Local Installation of Repository

See the instructions here. Then clone and enter the repo.

git clone https://github.com/wesselb/aws
cd aws

Finally, make a virtual environment and install the requirements.

virtualenv -p python3 venv
source venv/bin/activate
pip install -r requirements.txt -e .

Sample Experiment

In the following, values that you need to set are bash variables (like $REPO) or Python constants (like KEY).

Setup AWS

  • Install and configure the Amazon CLI.

  • Create a new EC2 instance with the Deep Learning Base AMI (Amazon Linux 2). Make sure that you allocate enough disk space.

  • Create and name an appropriate security group.

  • Launch the instance.

Create an Image

  • Log into the instance.

  • Create a key for GitHub.

ssh-keygen -f ~/.ssh/github -t ed25519 -C "email@gmail.com" \
    && (echo "Host github.com"                 > ~/.ssh/config) \
    && (echo "    IdentityFile ~/.ssh/github" >> ~/.ssh/config) \
    && chmod 644 ~/.ssh/config \
    && echo "Public key:" \
    && cat ~/.ssh/github.pub
  • Add the public key to your GitHub account.

  • Configure the instance:

sudo amazon-linux-extras install python3.8 \
    && sudo yum install -y tmux htop python38-devel \
    && sudo pip3.8 install --upgrade pip setuptools Cython numpy virtualenv
  • Setup the AWS repository. Note: If the path to the repository is ~/aws, then ~/aws/venv must be a virtual environment which has the repository installed in editable mode.
cd ~
git clone git@github.com:wesselb/aws.git \
    && cd aws \
    && virtualenv venv -p python3.8 \
    && source venv/bin/activate \
    && pip install -r requirements.txt -e . \
    && deactivate \
    && cd ..
  • Setup the project repository:
cd ~
git clone git@github.com:$USER/$REPO.git \
    && cd $REPO \
    && virtualenv venv -p python3.8 \
    && source venv/bin/activate \
    && pip install torch==1.8.1+cu111 torchvision==0.9.1+cu111 torchaudio==0.8.1 -f https://download.pytorch.org/whl/torch_stable.html \
    && pip install -r requirements.txt -e . \
    && deactivate \
    && cd ..
  • If necessary, transfer data to the instance:
rsync -e "ssh -i ~/.ssh/$KEY.pem" -Pav $DATA_DIR ec2-user@$IP:/home/ec2-user/$REPO
  • Stop the instance and create an image.

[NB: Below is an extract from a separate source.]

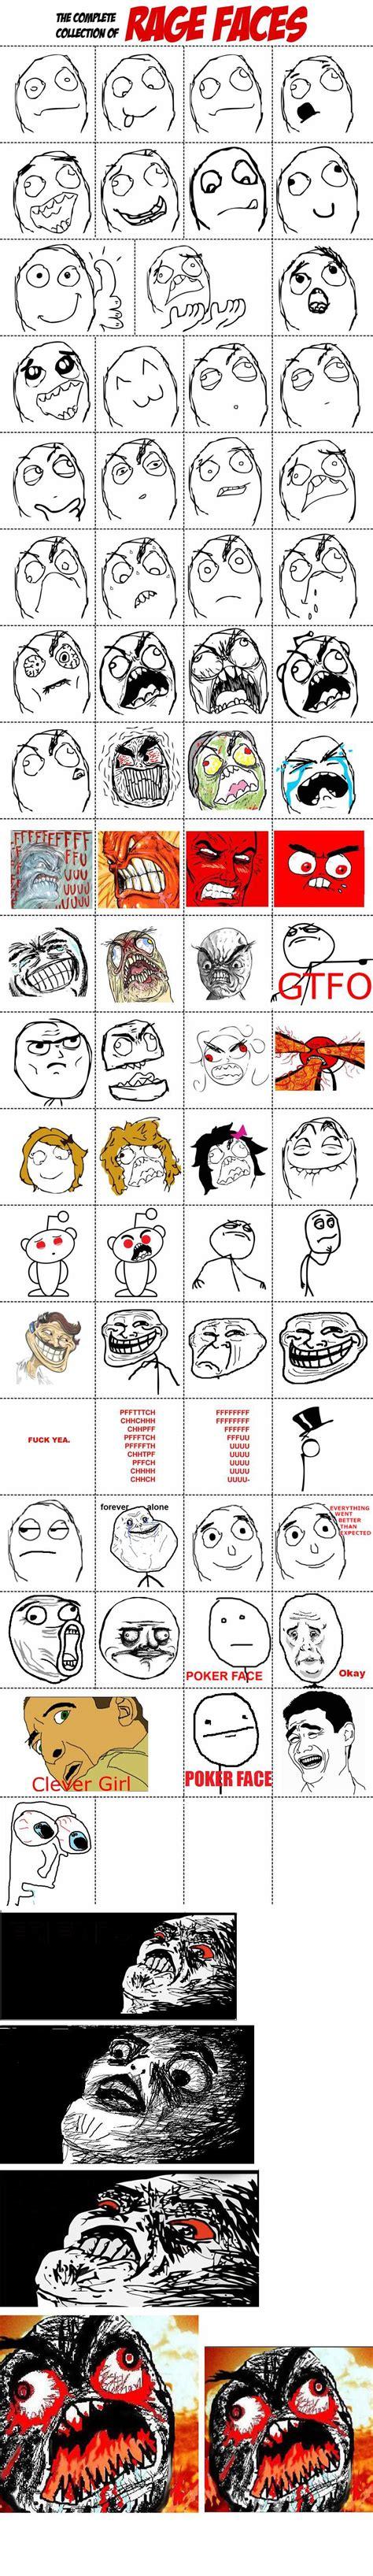 Rage Meme Faces - rage meme faces list www imgkid com the image kid has it

  • Once the image is ready, terminate the instance.

Test the Cluster

  • Create a file cluster.py:
import aws

aws.config["ssh_user"] = "ec2-user"
aws.config["ssh_key"] = f"~/.ssh/{KEY}.pem"
aws.config["setup_commands"] = [
    f"cd /home/ec2-user/{REPO}",
    "ssh-keygen -F github.com || ssh-keyscan github.com >> ~/.ssh/known_hosts",
    "git pull"

commands = [
    ["mkdir -p results", "touch results/one.txt"],
    ["mkdir -p results", "touch results/two.txt"],
    ["mkdir -p results", "touch results/three.txt"],

  • Here's what it can do:
usage: cluster.py [-h] [--spawn SPAWN] [--start] [--terminate] [--kill]
                  [--stop] [--sync-stopped] [--sync-sleep SYNC_SLEEP]

optional arguments:
  -h, --help            show this help message and exit
  --spawn SPAWN         Spawn instances.
  --start               Start experiments.
  --terminate           Terminate all instances. This is a kill switch.
  --kill                Kill all running experiments, but keep the instances
  --stop                Stop all running instances
  --sync-stopped        Synchronise all stopped instances.
  --sync-sleep SYNC_SLEEP
                        Number of seconds to sleep before syncing again.
  • Make an empty directory to synchronise to:
mkdir sync
  • Test that no instances are running:
$ python cluster.py
Instances still running: 0
Sleeping for two minutes...
  • Kill the script. Now spawn two instances and start the experiment:
$ python cluster.py --spawn 2 --start
  • Wait for the instances to have booted and the experiments to have started. The local folder sync/results should eventually contain the files one.txt, two.txt, and three.txt.

  • Wait a bit longer to ensure that the instances eventually shutdown themselves.

  • Kill the script. Now that all instances are stopped, remove everything in sync and attempt to sync the stopped instances:

$ python cluster.py --sync-stopped
  • If the contents of sync is restored, then we're golden! Terminate all instances of the cluster.
$ python cluster.py --terminate
Terminating all instances:
Instances still running: 0
Sleeping for two minutes...

Kill the script. You're now good to run your big experiment!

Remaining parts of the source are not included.